*Task item*
Could the data below please be reproduced word for word, without the pictures?

*Dataset section*
◇ ◇ ◇
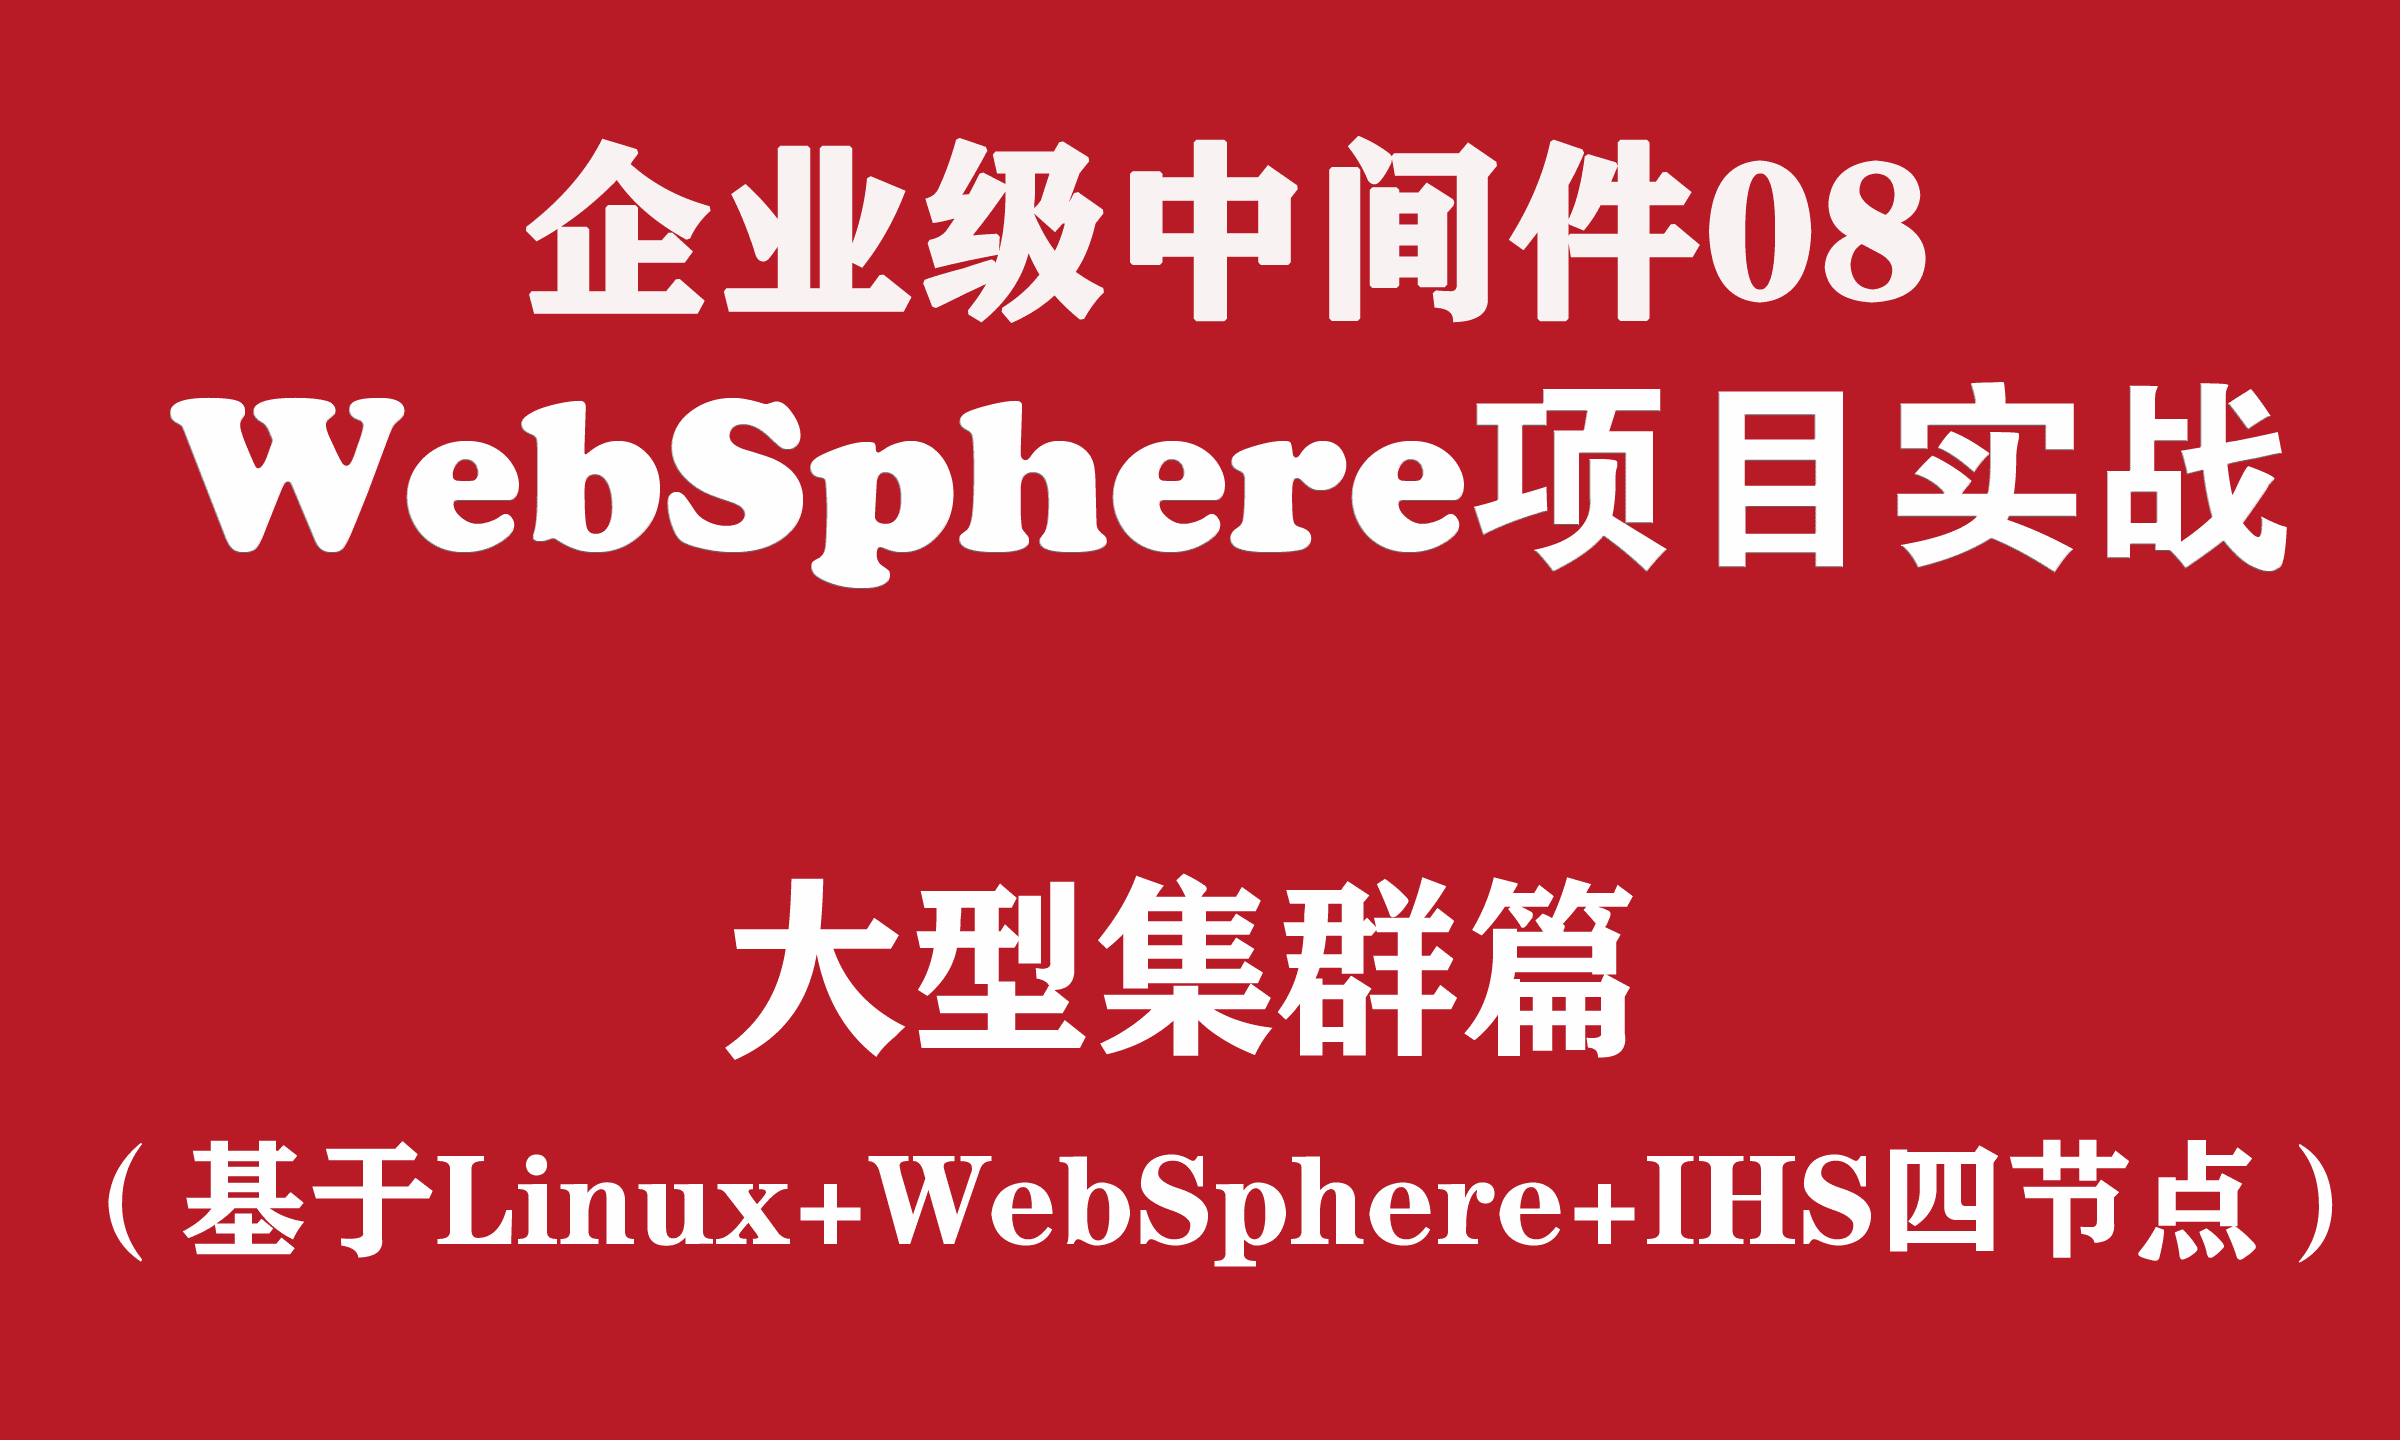 企业级WebSphere集群配置与实施_WebSphere中间件维护与管理03
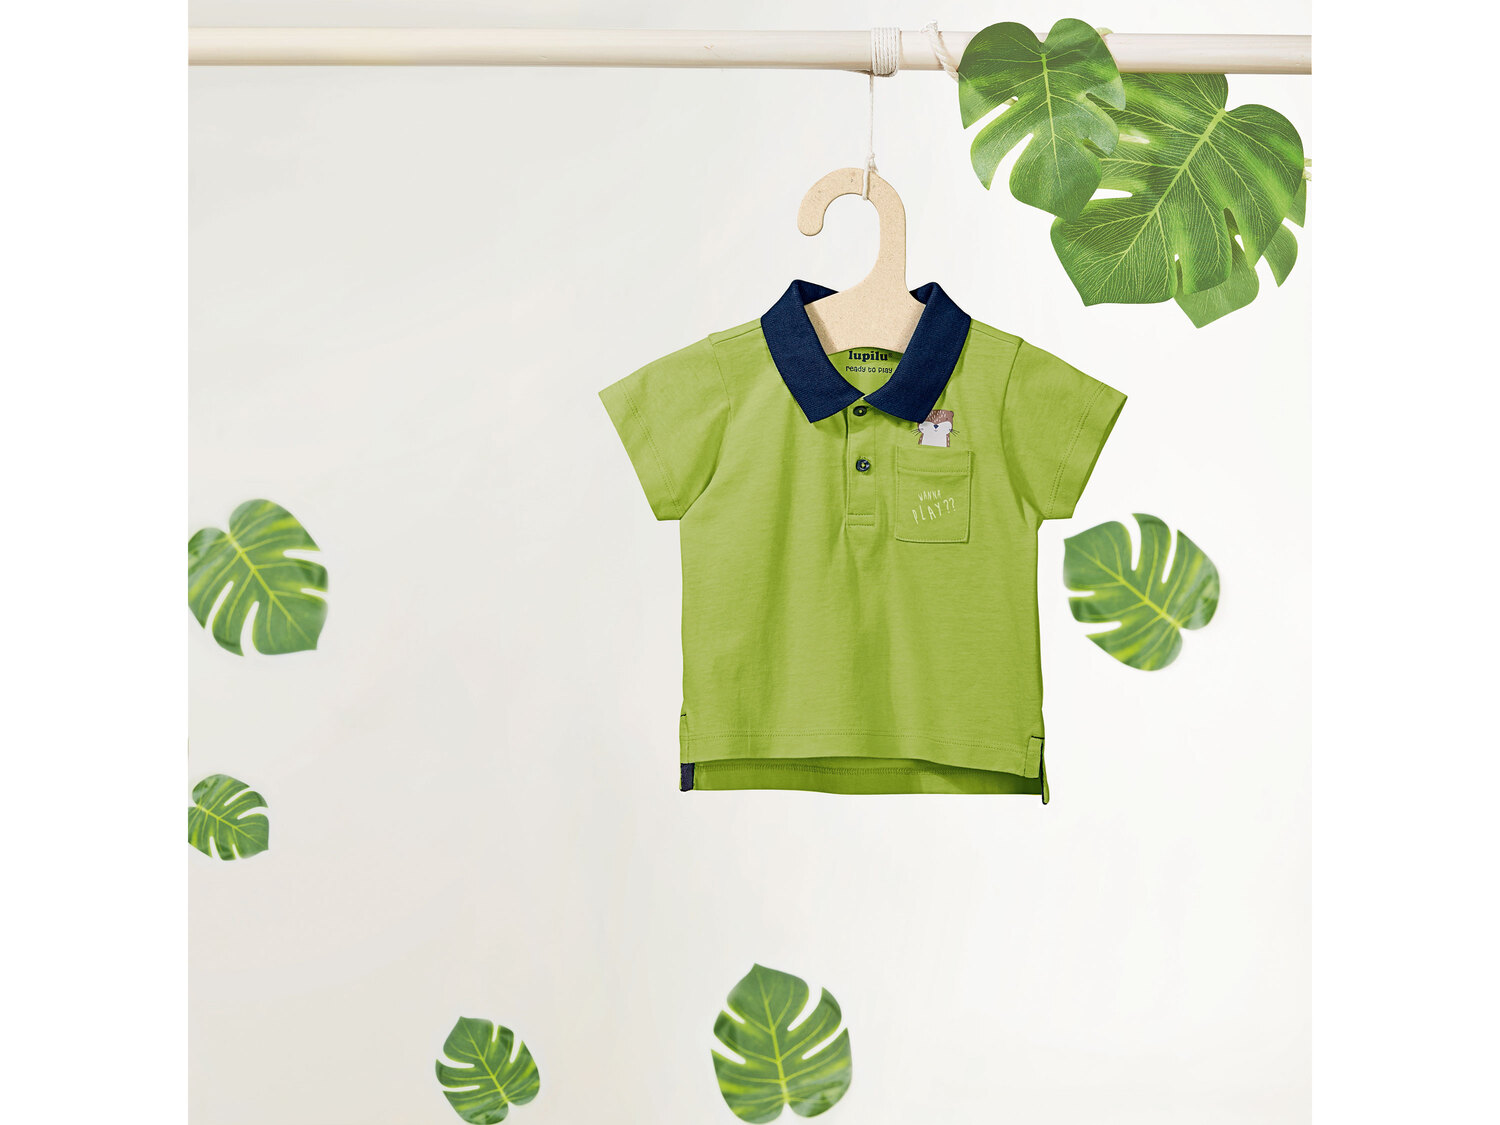 Koszulka dziecięca z biobawełny , cena 12,99 PLN 
- 100% biobawełny
- rozmiary: ...
◇ ◇ ◇
*Reply to the exercise*
 企业级WebSphere集群配置与实施_WebSphere中间件维护与管理03
 Koszulka dziecięca z biobawełny , cena 12,99 PLN 
- 100% biobawełny
- rozmiary: ...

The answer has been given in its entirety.